Citations sur La condition pavillonnaire (123)
Puis les lumières s'éteignaient. Alors ton mari ne pouvait s'empêcher, peut-être en souvenir de votre première rencontre, de prendre ta main dans la sienne, de t'enlacer; et qu'est-ce que l'amour, sinon un homme qui vous prend la main dans le noir?
Car ce serait à l'avenir toujours la même chose, toujours ces matinées et ces repas, toujours en famille, ce souci constant des autres… Tu étais donc condamnée à cela, toi, à tout jamais leur mère.
Plus jamais sans toute une logistique, il n'y aurait ces matinées égoïstes et calmes, quand tu pouvais juste prendre un café et rêver à ton samedi soir, à ce que tu allais t'acheter avec ta dernière paie, plus jamais, à cause de ces enfants sortis de tes entrailles pour suçoter du lait sur cette table, tu ne pourrais ne penser qu'à toi.
Lorsque vous vous couchiez côte à côte le soir, chacun lisant un livre, tu pensais toujours à la même image: ton père et ta mère allongés quand tu entrais dans leur chambre pour un dernier baiser; lui lisant le journal, elle feuilletant un roman; et il y avait dans cette répétition, qui t'aurait fait frémir vingt ans auparavant, quelque chose au contraire de rassurant; tu éteignais la lumière. Vous vous endormiez serrés l'un contre l'autre.

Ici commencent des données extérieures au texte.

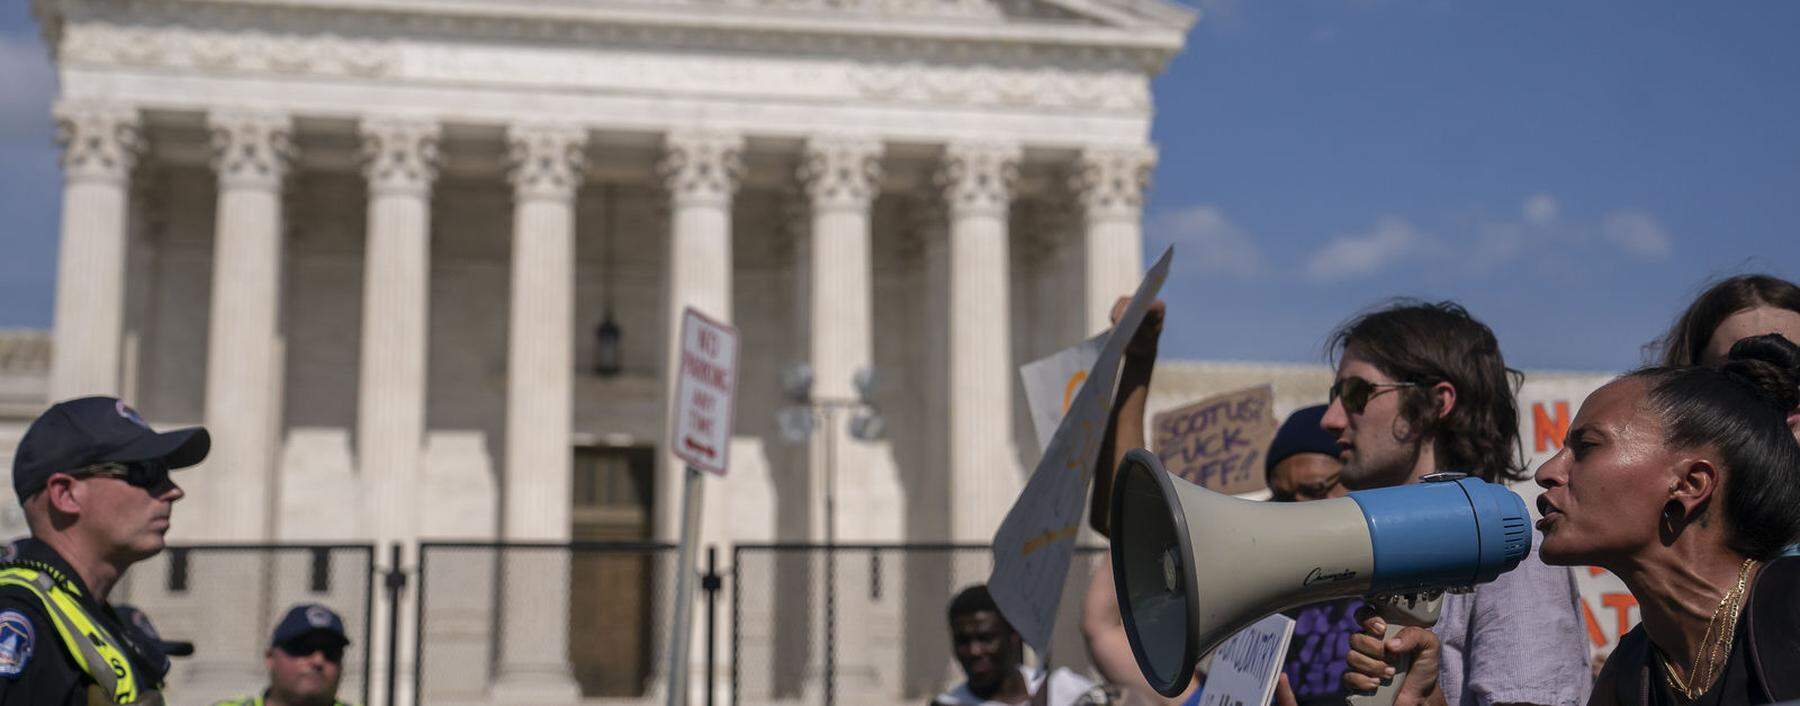 Nach dem Abtreibungsurteil des Obersten Gerichtshofs haben sich Menschen vor dem Supreme Court in Washington versammelt - die einen feierten die Entscheidung, die anderen zeigten sich entsetzt. 
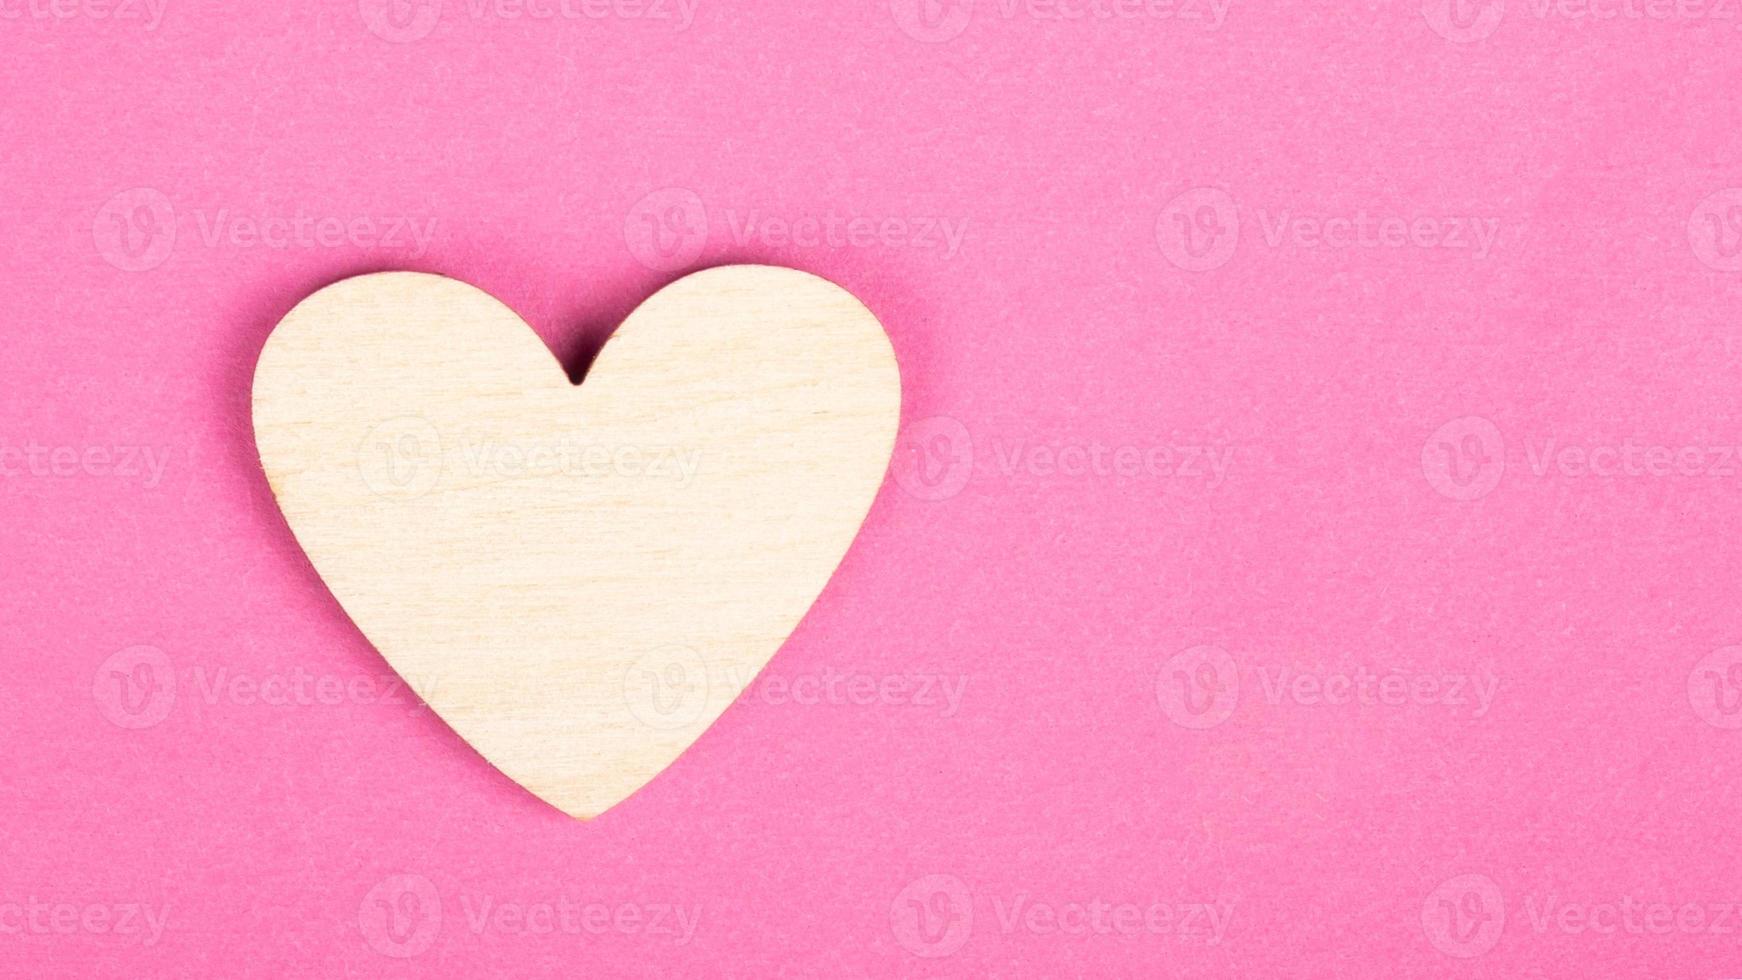 coeur en bois de la Saint-Valentin sur fond rose avec espace de copie photo

Plutôt que mille mots, rien qu'une minute se montrer sûr de lui et te donner assez d'importance pour se fâcher. Tu aurais préféré qu'il se mette en colère plutôt que de le voir sans cesse se replier piteux et jouer l'apaisement, comme si par des gestes tendres il pouvait calmer la hargne que tu voulais mater sans savoir comment.
L'expression "paix intérieure" résonne étrangement en toi. Le contraire de la paix, c'est la guerre, et tu as tellement l'impression depuis des mois de te battre en permanence: contre la vieillesse, la dévalorisation, ou simplement contre l'envie de ne pas aller travailler.
Tu aurais voulu que chaque semaine des mots différents soient marqués sur le calendrier, date de spectacle, coiffeur, achat d'un nouveau meuble, n'importe quel événement, tu mettais beaucoup de soin à prévoir tout cela, et s'il arrivait malgré tes efforts de voir une semaine vide sur le calendrier, un accablement sourd t'enserrait dès le dimanche.
Cette maison était une ascension; on naît dans une vallée à vaches et on se retrouve après-guerre à faire partie de ceux qui peuvent séparer leur lieu de travail de leur lieu domestique.
Soudain tu pleurais, car c'est une perte considérable de ne plus sentir un corps chaud contre soi, de ne plus entendre la voix qui vous appelle par votre prénom la nuit comme le jour.
C'est l'arrivée des petits-enfants qui déclencha la plus grande détente, puisque nulle inquiétude personnelle, nul souci matériel ne venait assombrir ces naissances.